# SUPPLIED MATERIAL
☆ ☆ ☆ ☆ ☆ ☆ ☆
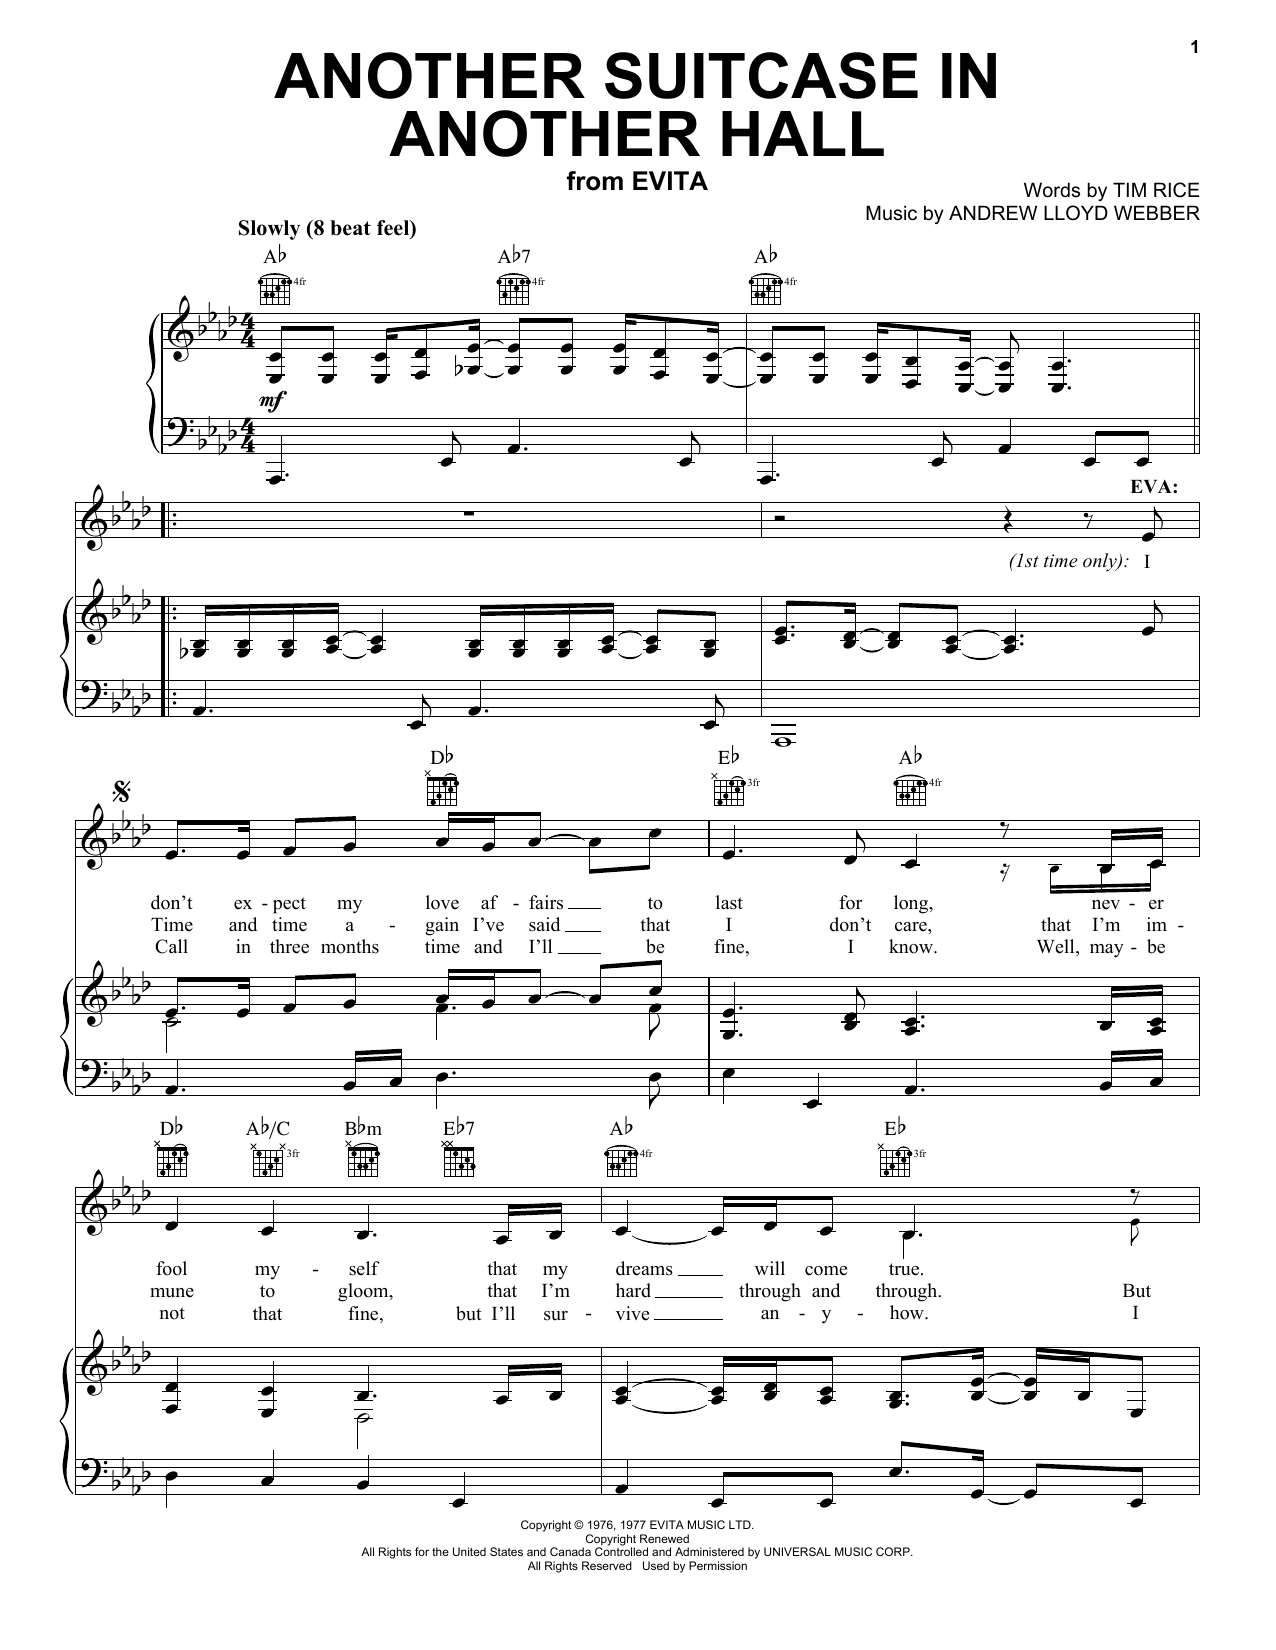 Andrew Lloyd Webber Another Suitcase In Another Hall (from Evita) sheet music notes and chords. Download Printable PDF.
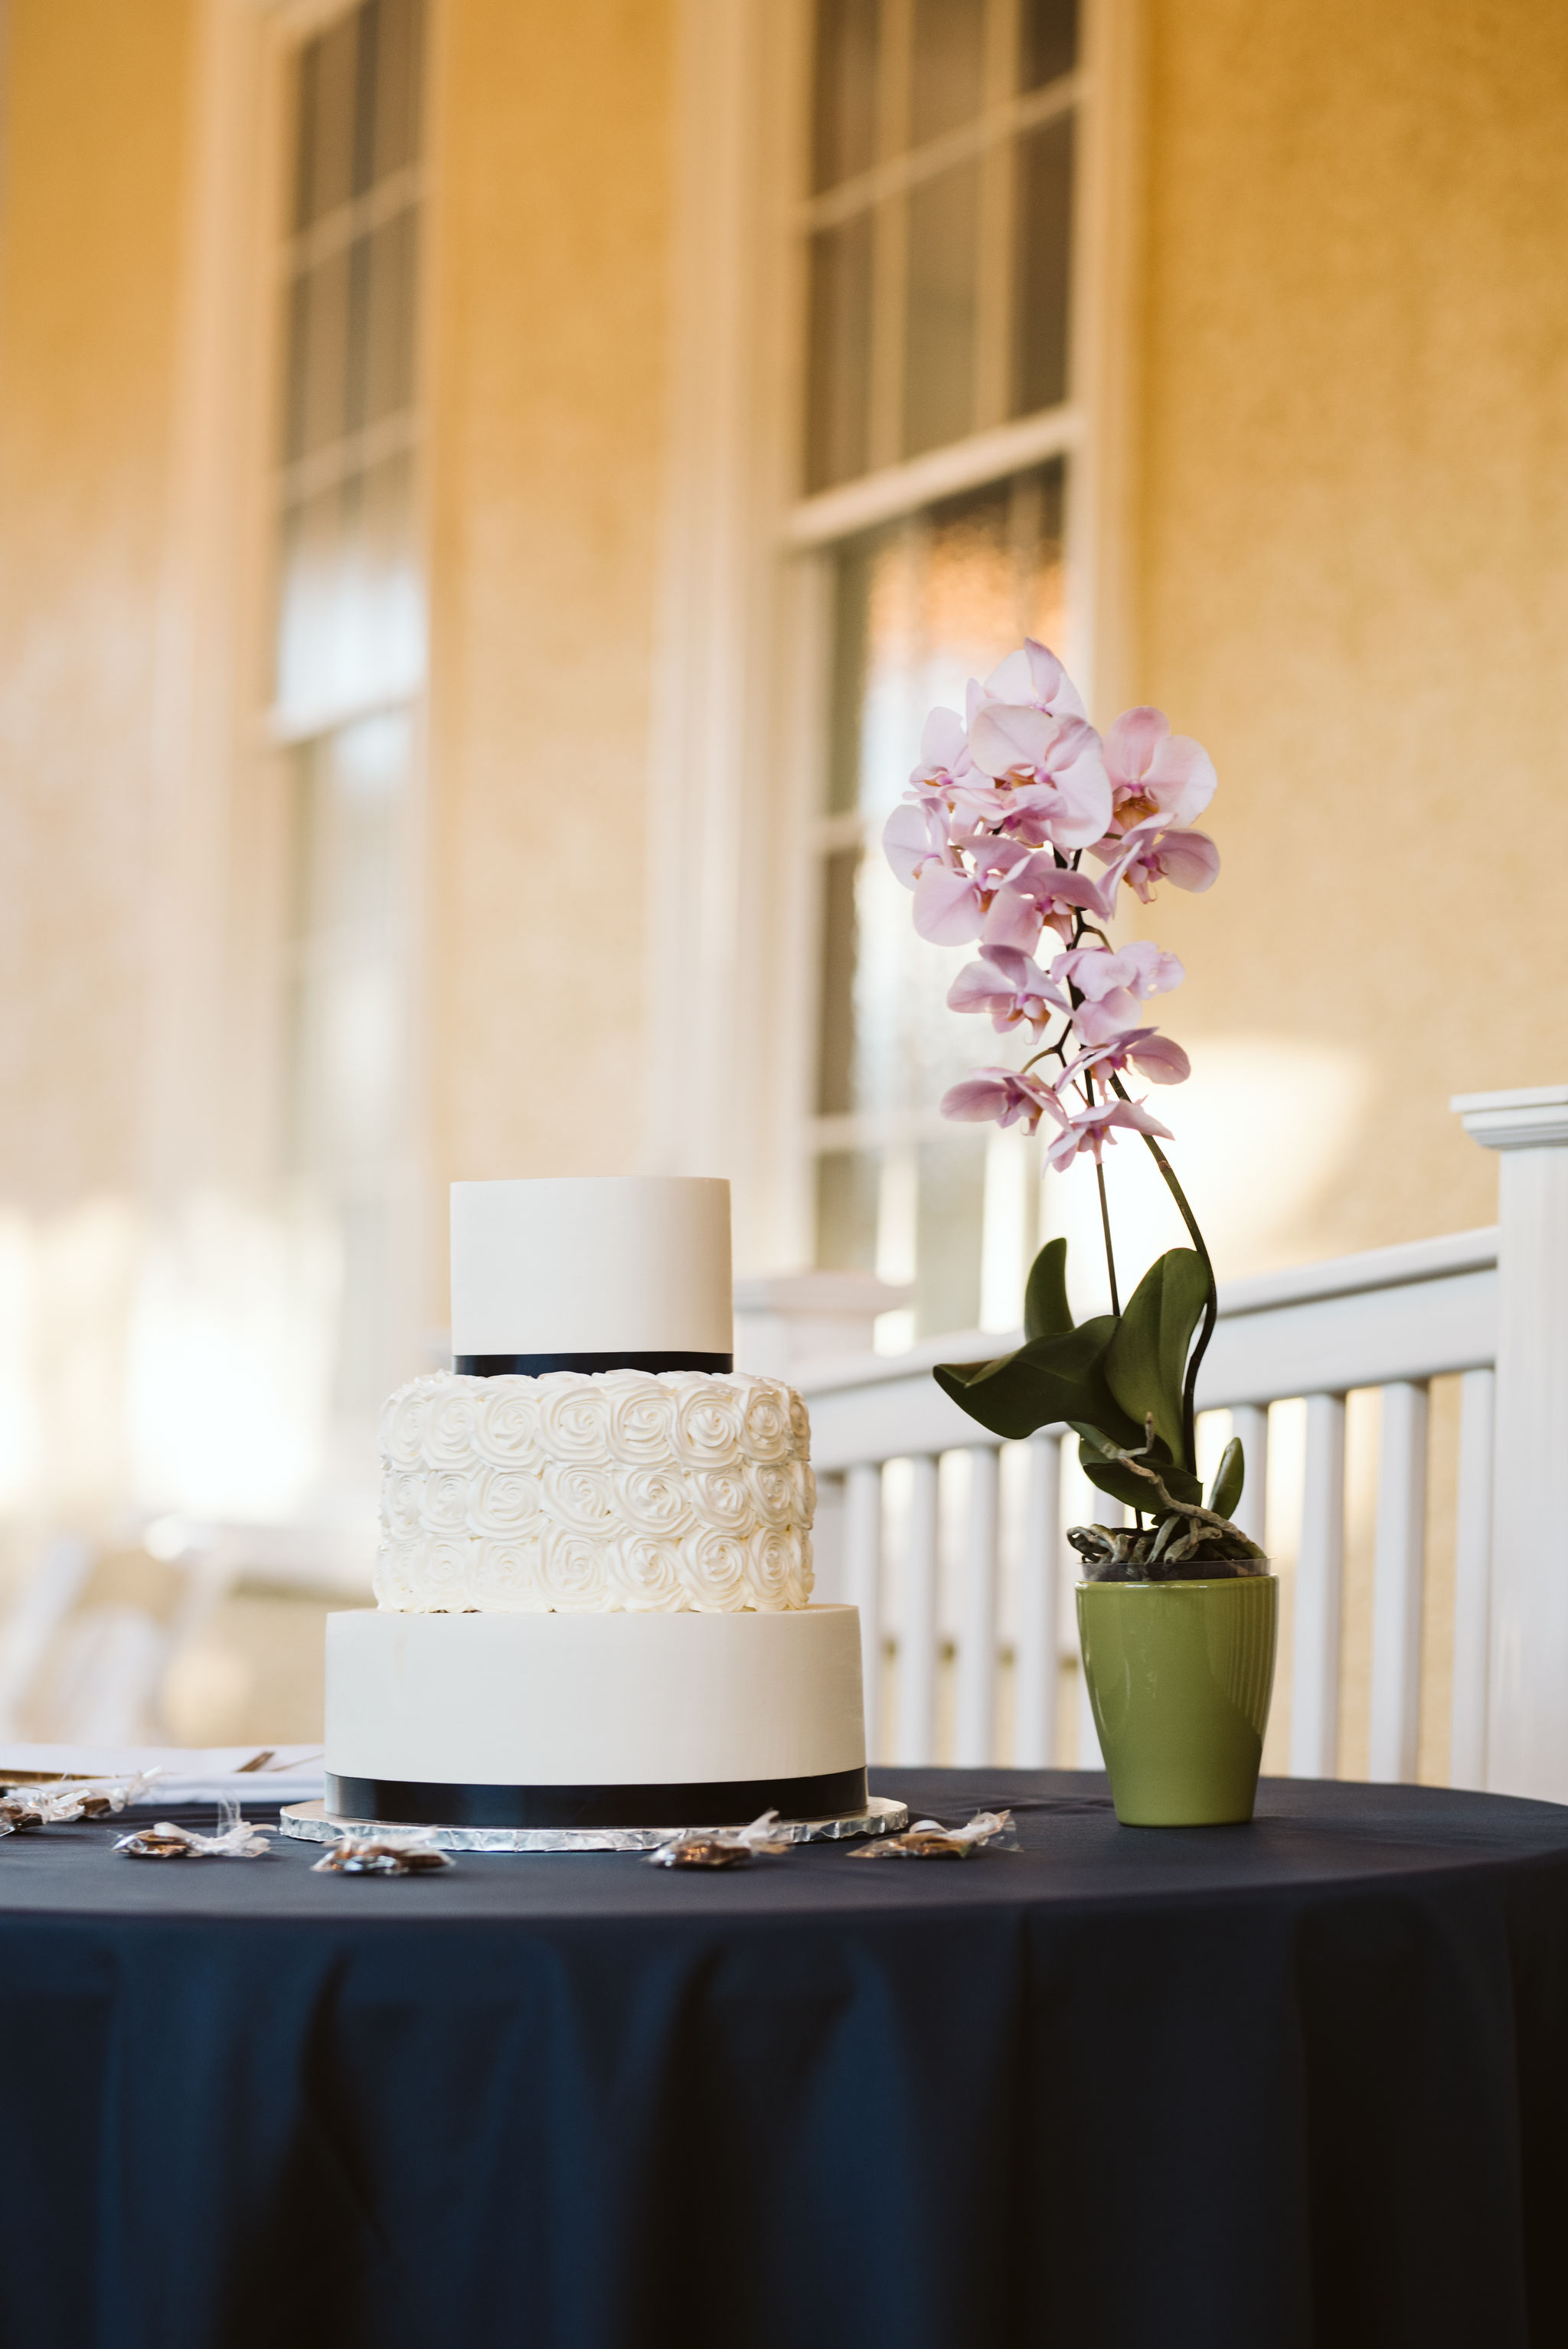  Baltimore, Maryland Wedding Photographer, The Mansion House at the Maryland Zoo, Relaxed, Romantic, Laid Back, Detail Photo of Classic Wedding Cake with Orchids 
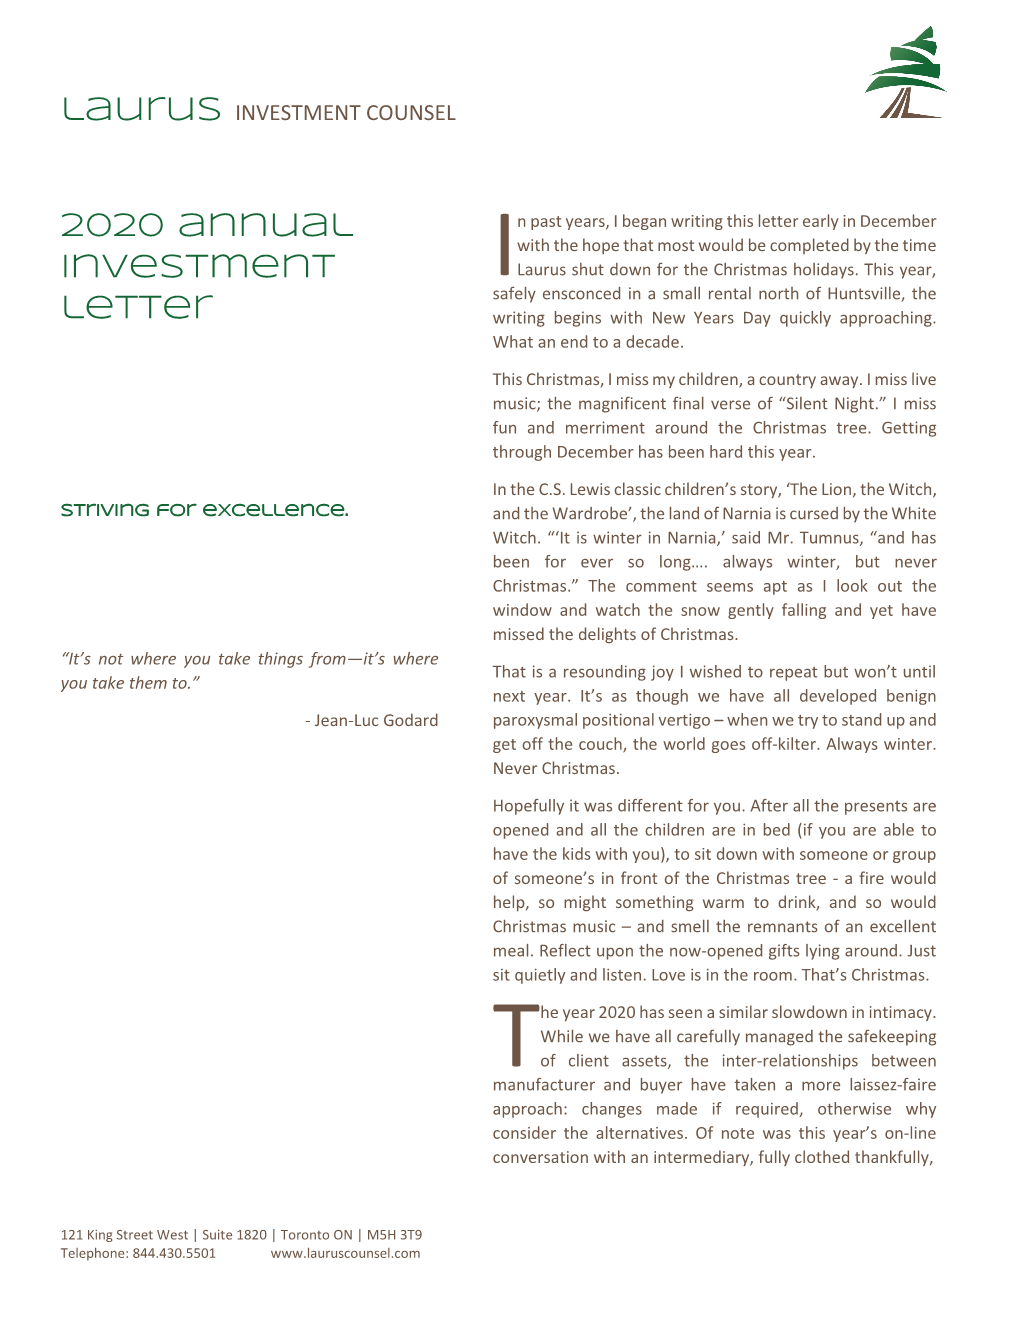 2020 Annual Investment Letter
☆ ☆ ☆ ☆ ☆ ☆ ☆
When you restate the listing, keep every word as it is and drop the pictures.

# RESULT
 Andrew Lloyd Webber Another Suitcase In Another Hall (from Evita) sheet music notes and chords. Download Printable PDF.
  Baltimore, Maryland Wedding Photographer, The Mansion House at the Maryland Zoo, Relaxed, Romantic, Laid Back, Detail Photo of Classic Wedding Cake with Orchids 
 2020 Annual Investment Letter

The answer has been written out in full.